Looks like things have improved quite a bit, but still far from great.
Everything, minus a couple of corners & the two leftmost/lowest strips out front strip out front has taken root & there's resistance if I try to lift.

Out front has gone from this (posted above), Aug 25th









To today (Sept 8)









We've had a couple of days rain, nothing crazy. The roots still look soaked & the ground is still very soft underfoot, so I skipped this morning (and Sun/Mon due to rain) just to see. Worst-case, redoing out front myself isn't the end of the world.

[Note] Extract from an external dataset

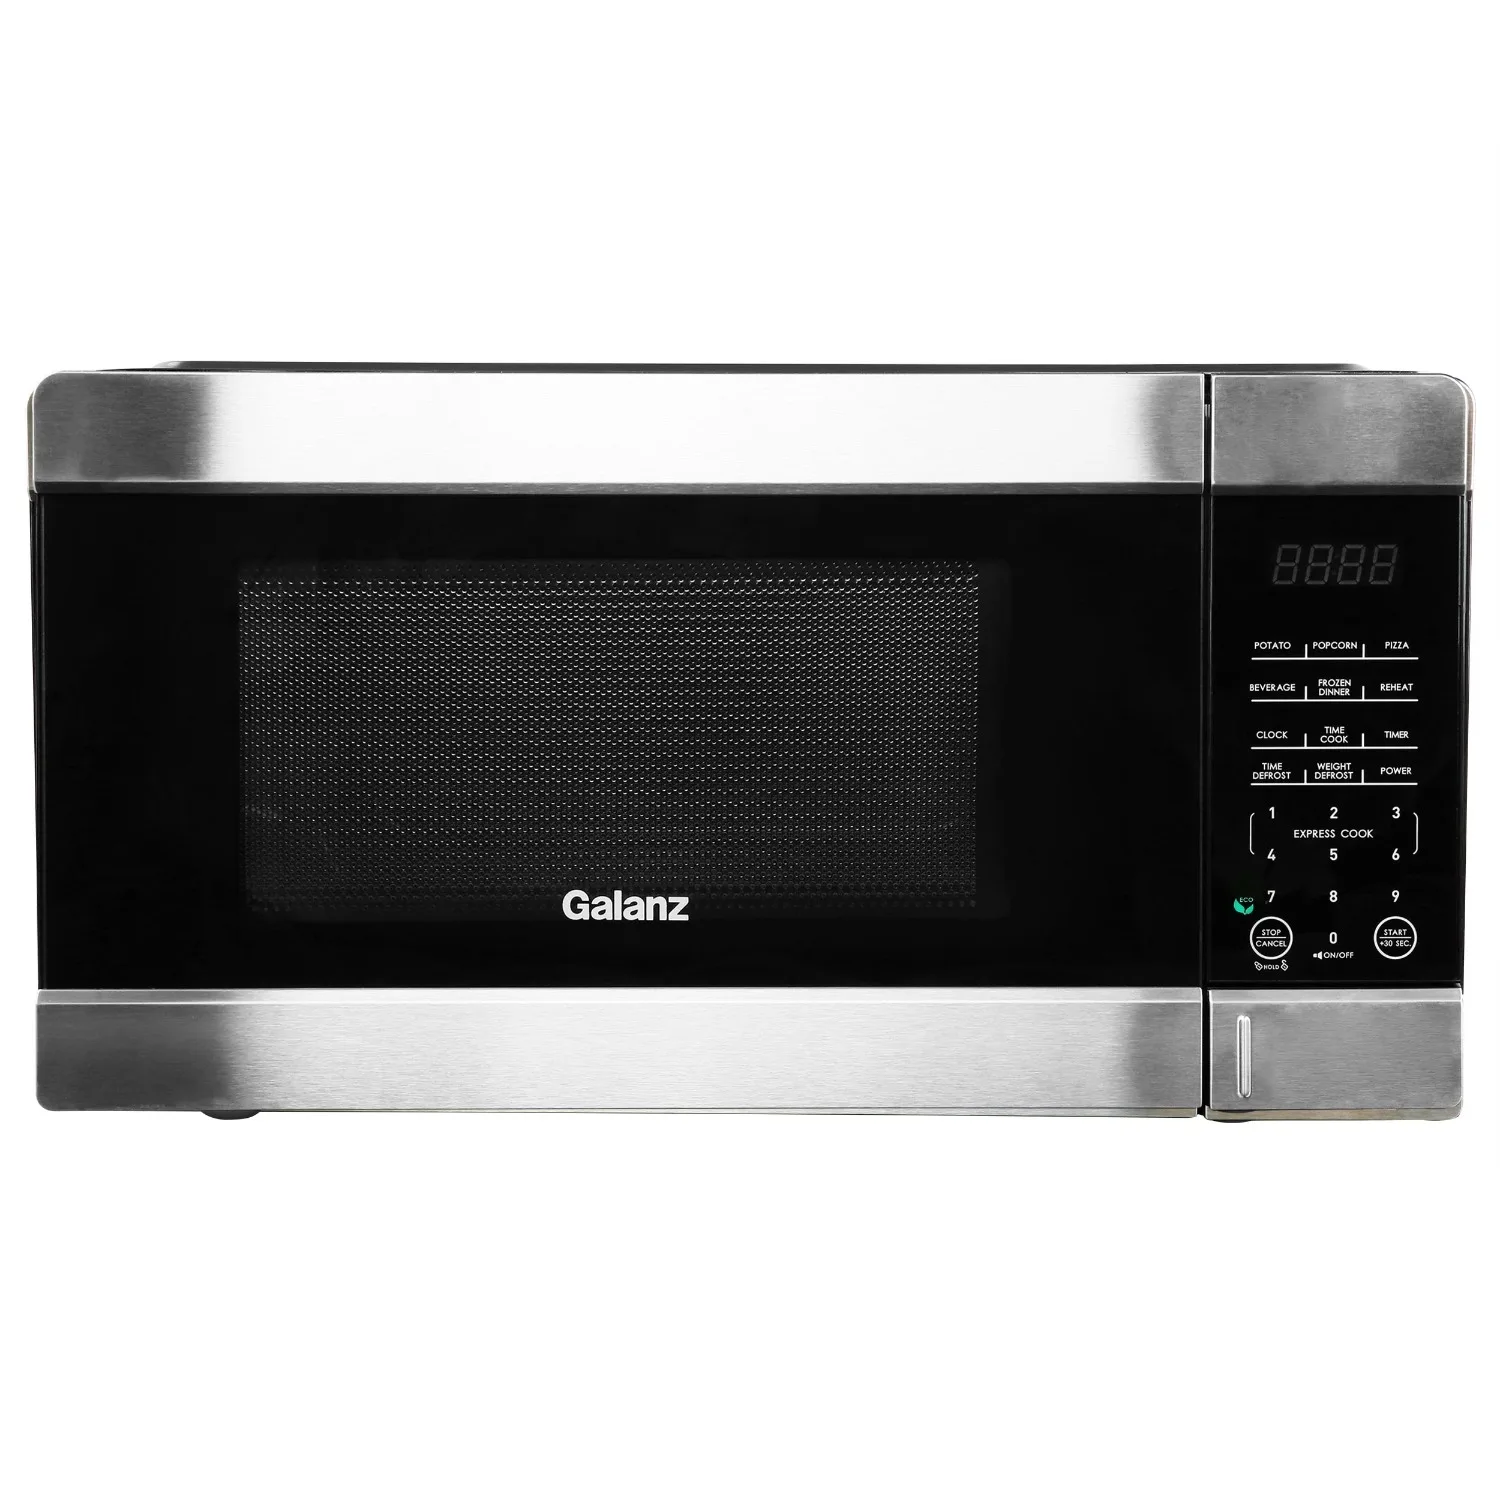 

Countertop Microwave Oven in Black with One Touch Express Cooking hornos microondas
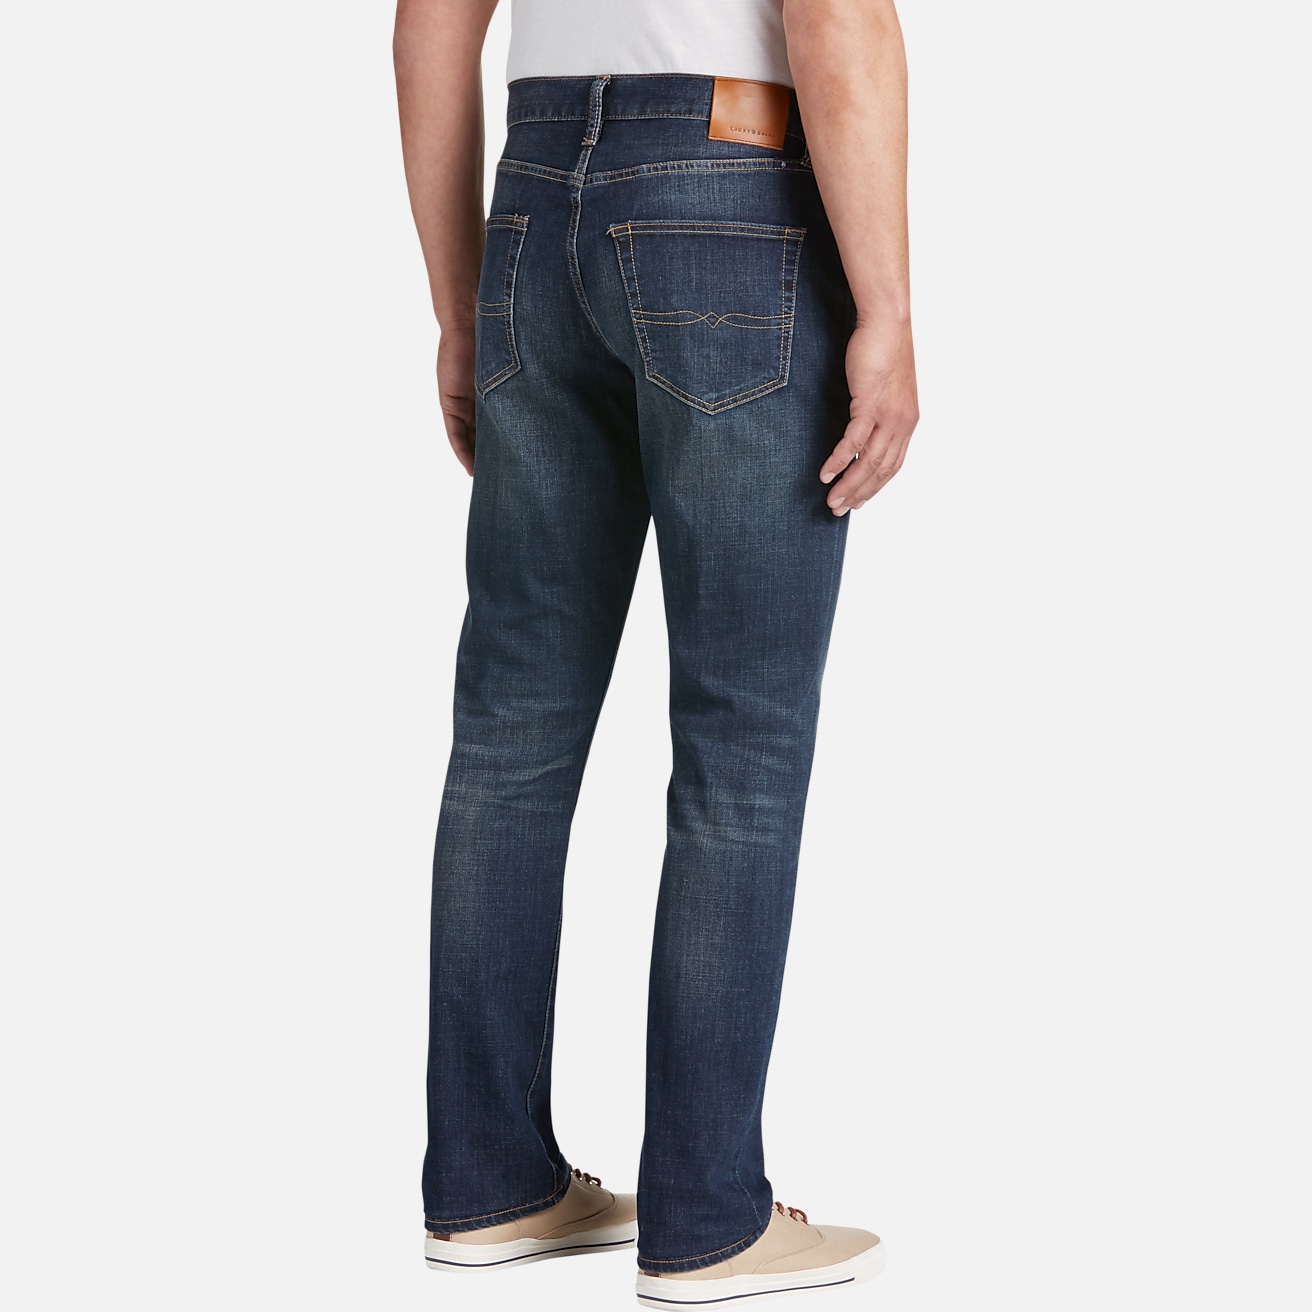 Lucky Brand Athletic Slim Jeans for Women

Out back, I'm really on the fence about. It's looking greener & longer in a lot of spots, but still.... I'd appreciate opinions.

Aug 25










Sept 8

































Is there anything I can do to improve results? Mowing it?
Topsoil? Fertilizer?


----------



## g-man (Jun 15, 2017)

You will need to mow it soon. You can add a bit of fertilizer at 4 weeks, but that means more water since it will force more growth. The back looks like it is improving more than the front.

Don't let it get dry again. Better weather will be here soon.


----------



## Barty1884 (Aug 24, 2020)

Yeah, the front still looks bad.... The side is doing much the same as the back, patchy in a couple spots, but all in all, fairly green.

Wasn't sure if mowing was a good or bad idea. I gather that once it's rooted is a good time to start mowing,.... I might mow it at the highest height of my mower tonight before watering.

Highest temp we have all week is ~24'C and typically <20, so without the extreme heat, hopefully I'll keep seeing improvements (although out front I'm pretty sure I'm just going to replace in the spring unless some kind of miracle happens)


----------